My current firebase structure looks like the following
Originally, my security looks like
{
"rules": {
"users": {
"$companyId": {
"$userId": {
".read": "auth != null",
".write": "auth != null",
}
}
}
}
}
This is all fine as I can simply get the user detail via
// get user information from database
getUserInformation(companyId: string, uid: string) {
let path = '/users/' + companyId + '/' + uid;
return this.af.database.object(path, { preserveSnapshot: true })
}
However, I want to add more security to this branch such that the user can not update the code in the front end to modify some of these entries via write operation (Read is OK). I want to have the user the ability to modify these entries based on the isAdmin flag For example,
- companyId (read: auth != null, write: isAdmin == true)
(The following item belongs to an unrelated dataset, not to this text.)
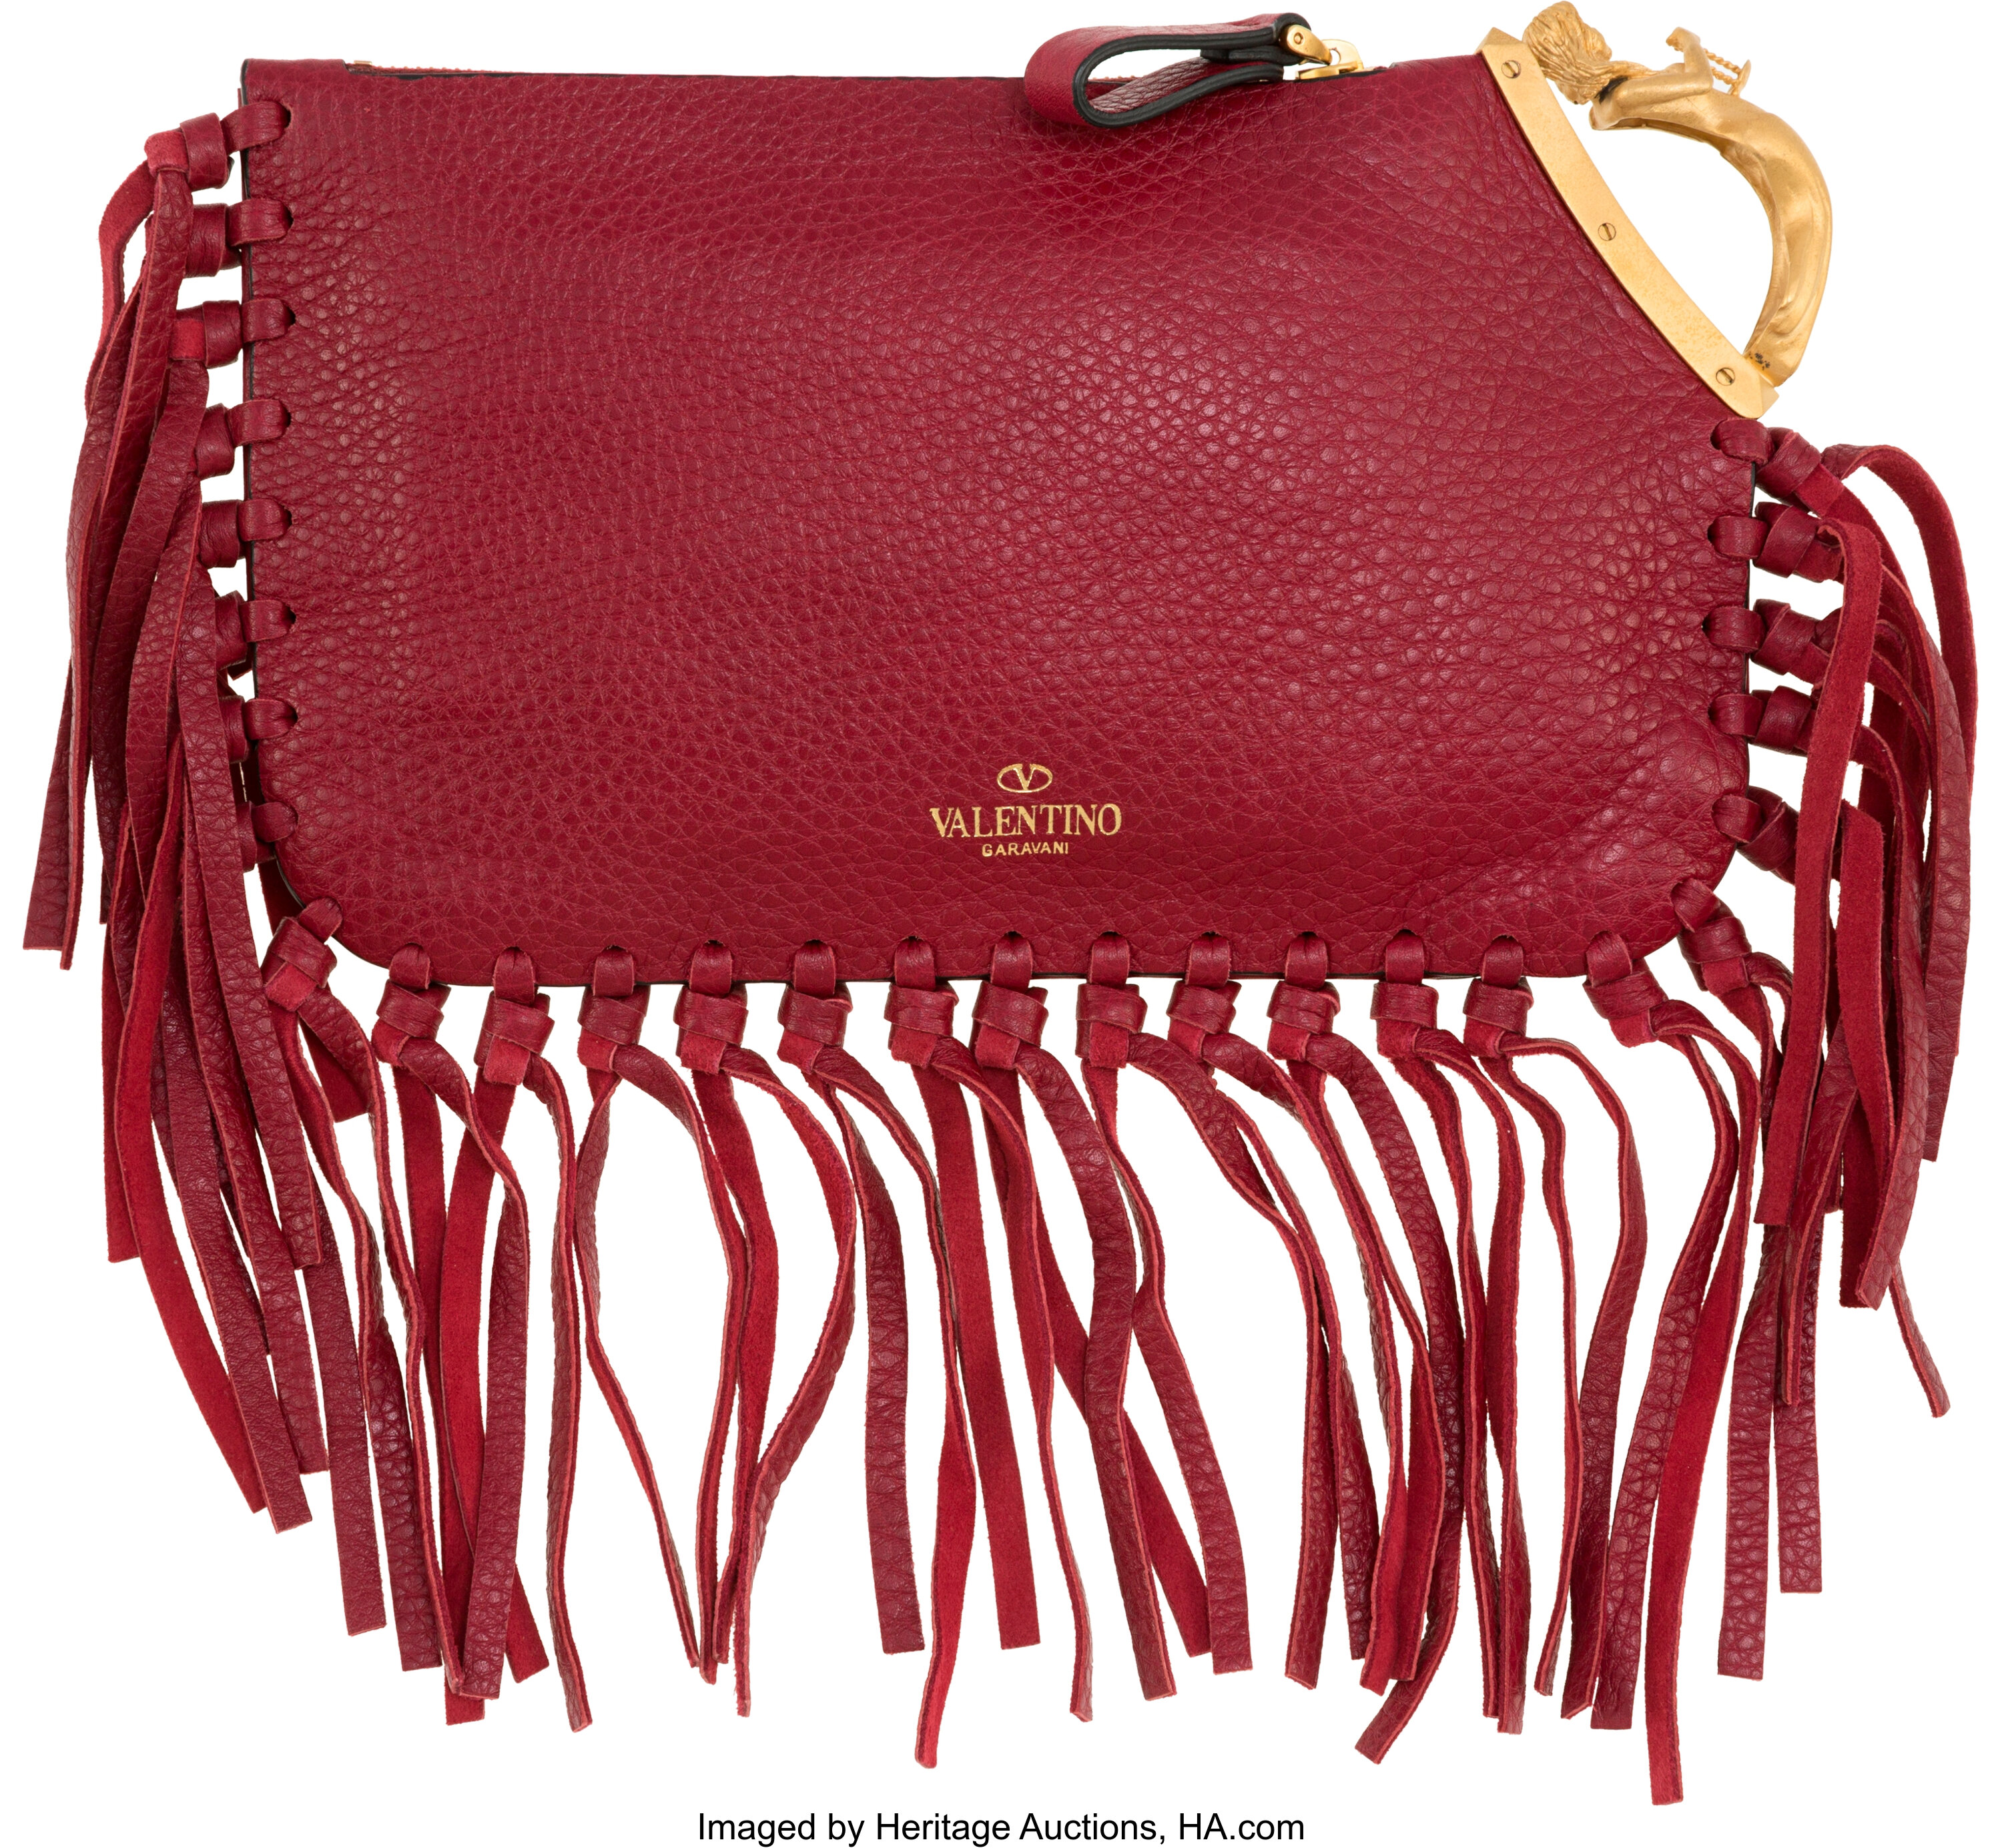 Valentino Red Leather Libra Fringe Clutch Bag. Excellent Condition. | #58369 | Heritage Auctions

- companyName (read: auth != null, write: isAdmin == true)
- dailySubmissionLimit (read: auth != null, write: isAdmin == true)
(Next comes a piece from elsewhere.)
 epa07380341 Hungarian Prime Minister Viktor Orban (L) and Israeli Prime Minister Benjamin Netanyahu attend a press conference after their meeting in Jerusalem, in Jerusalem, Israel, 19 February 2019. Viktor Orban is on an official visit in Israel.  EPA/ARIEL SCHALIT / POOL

- defaultApproverEmail (read: auth != null, write: isAdmin == true)
- email (read: auth != null, write: isAdmin == true)
- firstName (read: auth != null, write: isAdmin == true)
- id (read: auth != null, write: isAdmin == true)
- isAccountActive (read: auth != null, write: isAdmin == true)
- isAdmin (read: auth != null, write: false)
- isPasswordOutdated (read: auth != null, write: auth!=null)
- lastLoggedIn (read: auth != null, write: auth!=null)
- lastName (read: auth != null, write: isAdmin == true)
- passwordChangeDate_epoch (read: auth != null, write: auth!=null)
- registerationDate (read: auth != null, write: isAdmin == true)
- team (read: auth != null, write: isAdmin == true)
- userDefaults (read: auth != null, write: auth!=null)
Since all read = auth != null.. Initially, I thought since I am able to read all the node, I could set the security individual rule for each node as shown below
{
"rules": {
"users": {
"$companyId": {
"$userId": {
"companyId": {
".read": "auth != null",
".write": "(auth != null) && (root.child('users').child($companyId).child(auth.uid).child('isAdmin').val() == true)"
},
"isAdmin": {
".read": "auth != null",
".write": "false"
},
"lastLoggedIn": {
".read": "auth != null",
".write": "auth != null"
},
...
}
}
}
}
}
This however failed when I try to getUserInformation() because I am querying '/users/' + companyId + '/' + uid and the security rule for that particular branch is unknown
I am guessing as an alternative, I could query each node instead '/users/' + companyId + '/' + uid + '/companyId' and combine the data using forkJoin or some sort. This would be highly ineffecient as I am now calling the database nth time instead of one time.
Another approach that I can think of is to structure the data abit differently by categorising them into three branches "userCanModify", "adminCanModify", "noOnCanModify". Then set security rule for these three nodes as required. But this seems more like a hack to me as I have to re-structure my data to a very odd format. Also, I will still have to make three request to get the full picture of the user detail
{
"rules": {
"users": {
"$companyId": {
"$userId": {
"userCanModify": {
"lastLoggedIn": {
".read": "auth != null",
".write": "auth != null"
},
...
},
"adminCanModify": {
"companyId": {
".read": "auth != null",
".write": "(auth != null) && (root.child('users').child($companyId).child(auth.uid).child('isAdmin').val() == true)"
},
"companyName": {
".read": "auth != null",
".write": "(auth != null) && (root.child('users').child($companyId).child(auth.uid).child('isAdmin').val() == true)"
},
...
},
"noOneCanModify": {
"isAdmin": {
"read": true,
"write": false
},
...
}
}
}
}
}
}
Is there a much better solution out there that I am missing?